ACTIVITY: Repeat each line of the data below exactly, but skip the pictures.

DATA SECTION:
··········

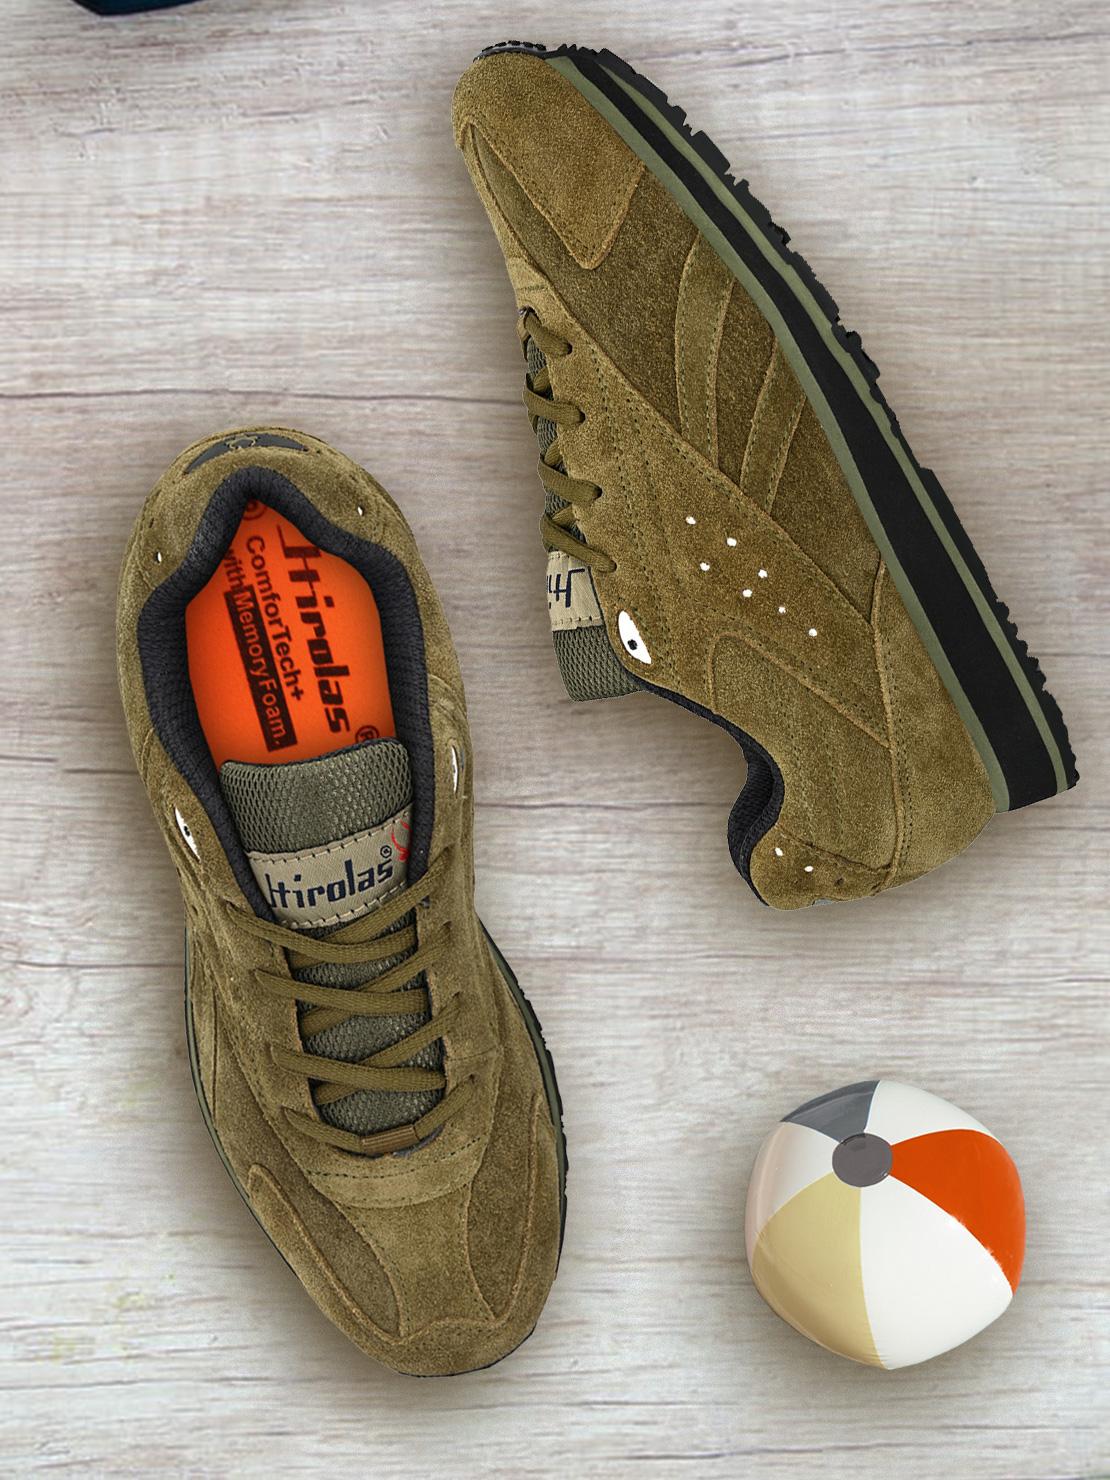 Hirolas | Hirolas® Men's Leather Multi Sport Shock Absorbing Walking  Running Fitness Athletic Training Gym Sneaker Shoes-Olive
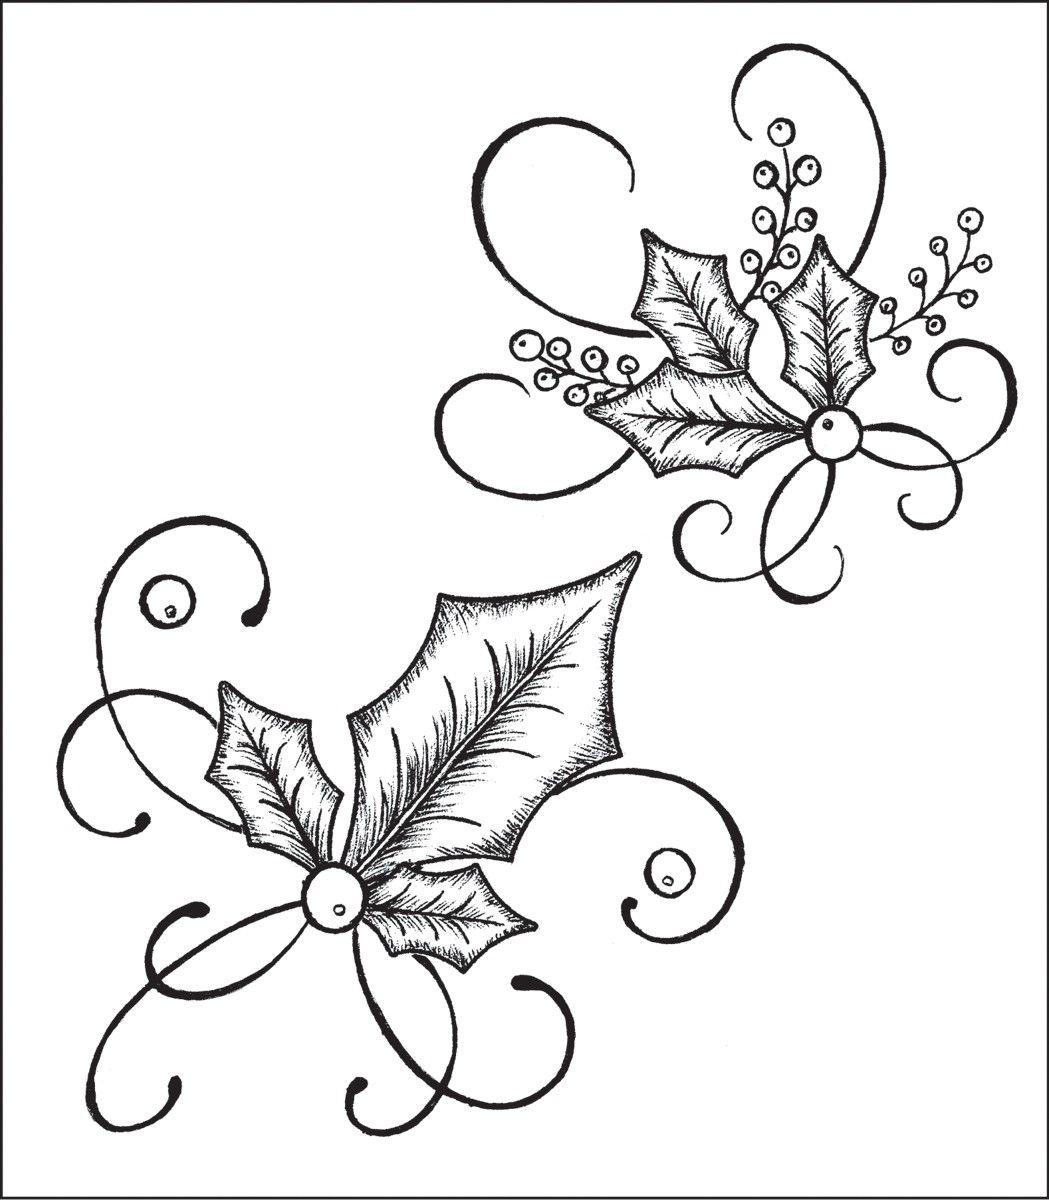 Heartfelt Creations 'Elegant Holly Swirls' Cling Rubber Stamp Set
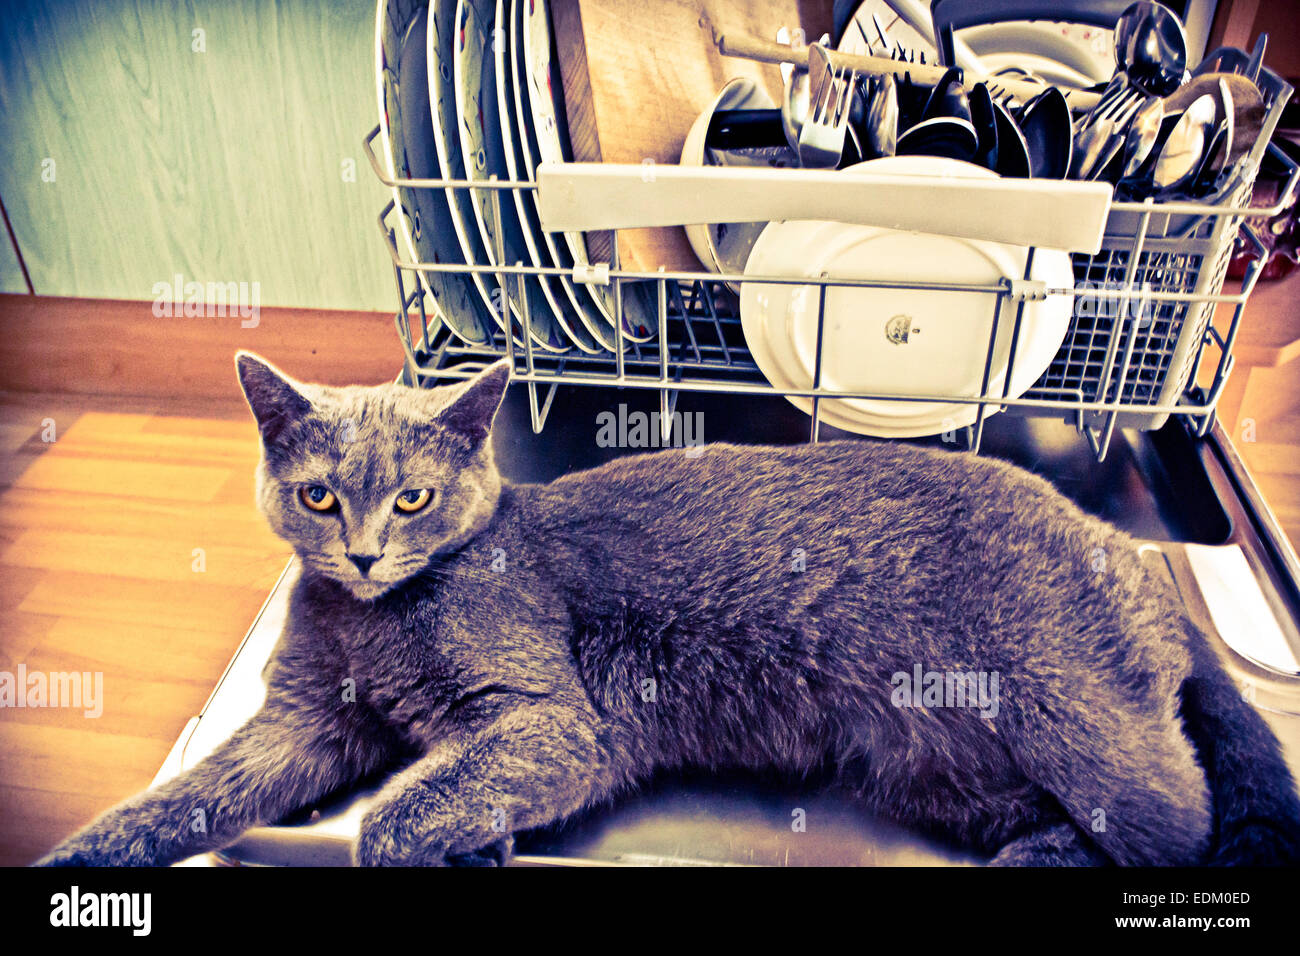 British gray cat resting on a washing machine door - Stock Image

··········

OUTPUT OF THE EXERCISE:
 Hirolas | Hirolas® Men's Leather Multi Sport Shock Absorbing Walking  Running Fitness Athletic Training Gym Sneaker Shoes-Olive
 Heartfelt Creations 'Elegant Holly Swirls' Cling Rubber Stamp Set
 British gray cat resting on a washing machine door - Stock Image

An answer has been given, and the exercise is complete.